昨日と同じように、この時代のF1層を代表して、ラジオパーソナリティこはまさんの心象風景、心のつぶやきから始めたいと思います。こはまさんよろしくお願いします。

〈こはまさん〉
衣食に困るわけではなく、人並みの生活をしているので、自分の階層はどこかと問われれば、中流と応えざるを得ません。しかし、中流という言葉にある「人並み、平均的、一般的」というニュアンスは好きになれません。私はあくまで私であり、人並みとか平均とか一般でくくれない個性を持っているはずだからです。所有欲が特別強いとは思いませんが、身に付けるものにはこだわりがあります。ですから自分の気に入ったものしか持ち歩きたくありません。友人からは、「ブランドマニア」と言われますが、決して贅沢なわけではありません。今使っているフランス製のバッグもブランド品ではありますが、小遣いを溜め込んで買ったものです。私が持ち歩き、身につけるブランドは私の趣味やライフスタイルのシンボルです。ですから、同じブランド品を所有する人たちには仲間意識を感じます。同じように、趣味やライフスタイルを共有する友達との集いは楽しいと感じます。

〈出頭先生〉
ありがとうございます。この時代に日本ではバブルが起きています。1980年代の日本には、世界にもまれな光景があって、ルイ・ヴィトンのバックを女子大生が持っていたりしました。それから、新入社員がローンでBMW3シリーズを買うというようなことが起きていました。衣食足りて、消費活動というものが多様化し、個性化していった時代なのです。80年代以前に見られた、「マスの一員であることが、安心感に繋がっていた」という時代から、「マスの一員でくくられることに異議を申し立てた時代」に移り変わったと言えます。つまり、「自分がマスの一員であることに満足できない」という時代です。「マスの一員でありたくない。」「自分はもう少し個性がある。」そういった声が聞かれ始めました。

その傾向が消費にも現れてきて、この時代からマーケティングに「ライフスタイル分析」というのが取り入れられ始めました。マスの時代は「ライフスタイル」をあまり考えていませんでした。私も広告会社にいましたが、80年代以前は、年齢と性別、普及品かハイエンドの商品か、程度の考えで、殆どのマーケティングができていたのです。消費者の人生観や趣味、価値観がどうだというのは、少なくとも70年代位にはありませんでした。この時代(80年代)にマスで一員であることに飽き足らず、自分の個性を発揮したい層が出てきていて、前述の「ルイ・ヴィトンを買う女子大生」や「BMWを買う新入社員」の出現となります。

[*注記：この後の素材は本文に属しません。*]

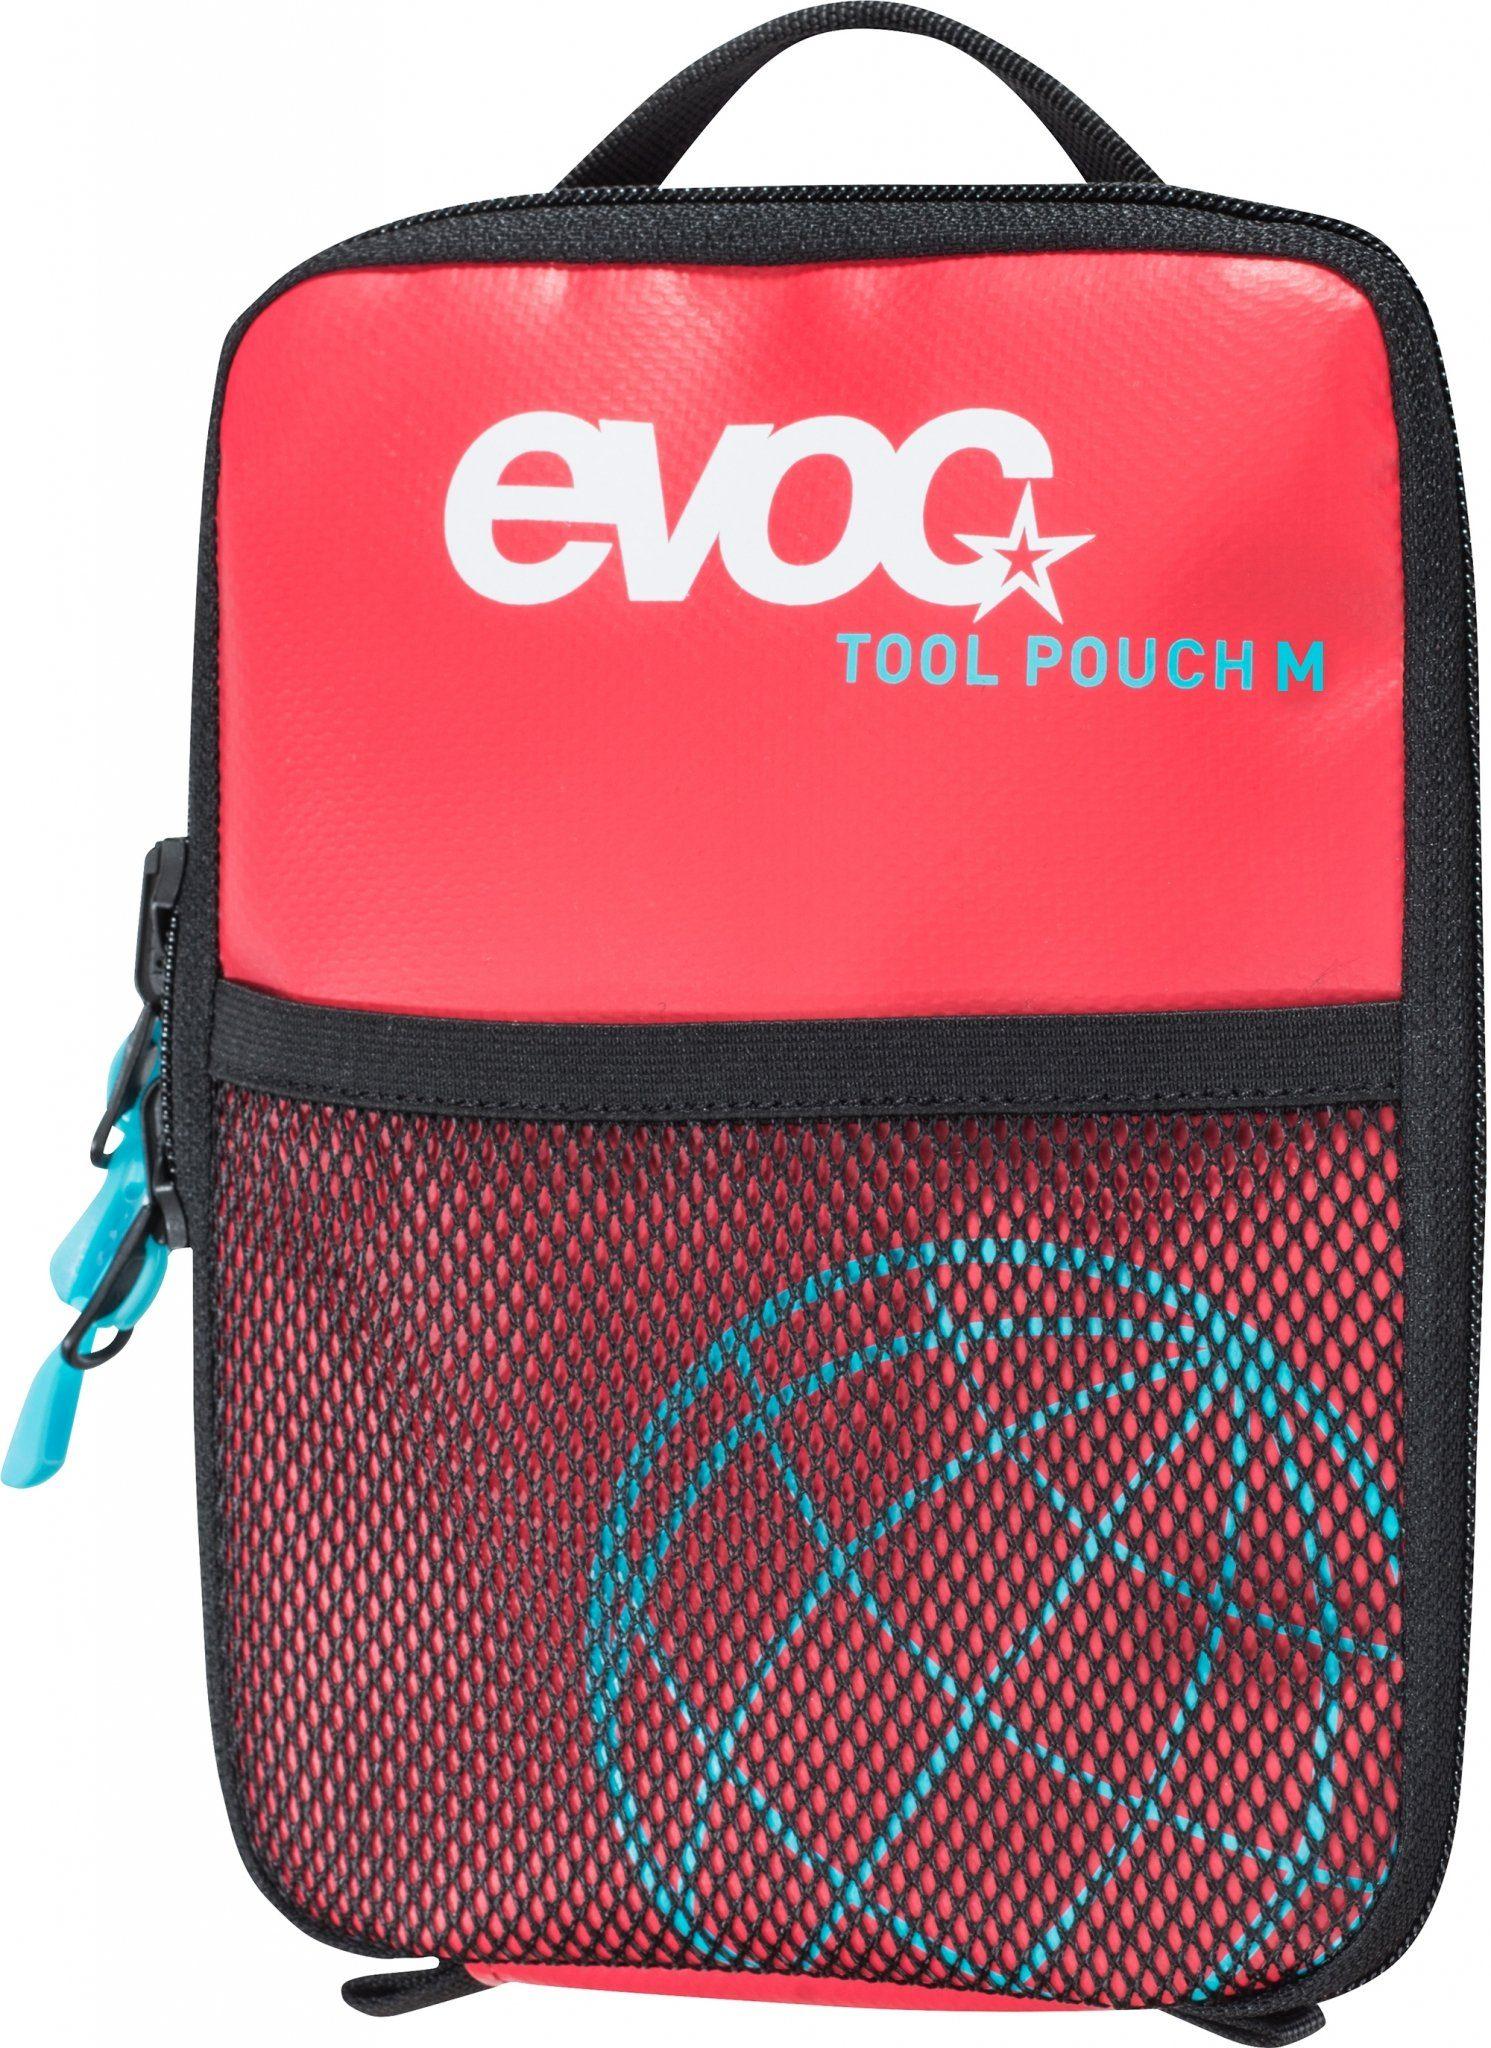 EVOC Fahrradtasche »Tool Pouch M«

このことは、経済合理性では考えにくく、彼ら彼女らは人生観・ライフスタイルで買っているとしか思えないわけですよね。そのような消費活動が色々なところに行き渡ったため、従来の性別や年齢というようなものに加え、「彼らの人生観やライフスタイルはどうなのだろう」ということがマーケティングに取り入れられ始めたのがこの時代なのです。

マスの時代の「シェアオブボイス(Share of Voice)」という話をしましたが、大きな声でキャッチーに訴求するのとは少し違ってきて、ターゲットの心の琴線に触れるようなマーケティングになっていきました。ですから、マスの時代が「シェアオブボイス(Share of Voice)」だとすると、この時代(1980-2000)は「シェアオブマインド(Share of Mind)」指向になります。「シェアオブマインド(Share of Mind)」のマーケティングでは、ターゲットを選ぶ際にまず、①セグメンテーションをします。そのように市場を細分化した後、②ターゲットを選び取ります。選び取る時には、ライフスタイルを入れた選び取り方をして、最後にそれに対して商品を③ポジショニングします。即ち、「セグメテーション」「ターゲティング」「ポジショニング」、「STP」といわれるものが、ライフスタイルマーケティングの3点セットのようになった時代なのですね。

この時代の代表的なキャンペーンには、糸井重里さんがコピーを書いた「不思議大好き」(百貨店)、「けい子さんのセブンイレブン」「食う、寝る、遊ぶ」(車)などがありました。これらのキャンペーンはライフスタイルを訴求していいます。

今日のまとめです。80年代、2000年代のM1F1層はライフスタイルを共有する仲間に帰属することを望んでおり、すなわちセグメントマーケティングの時代であるということです。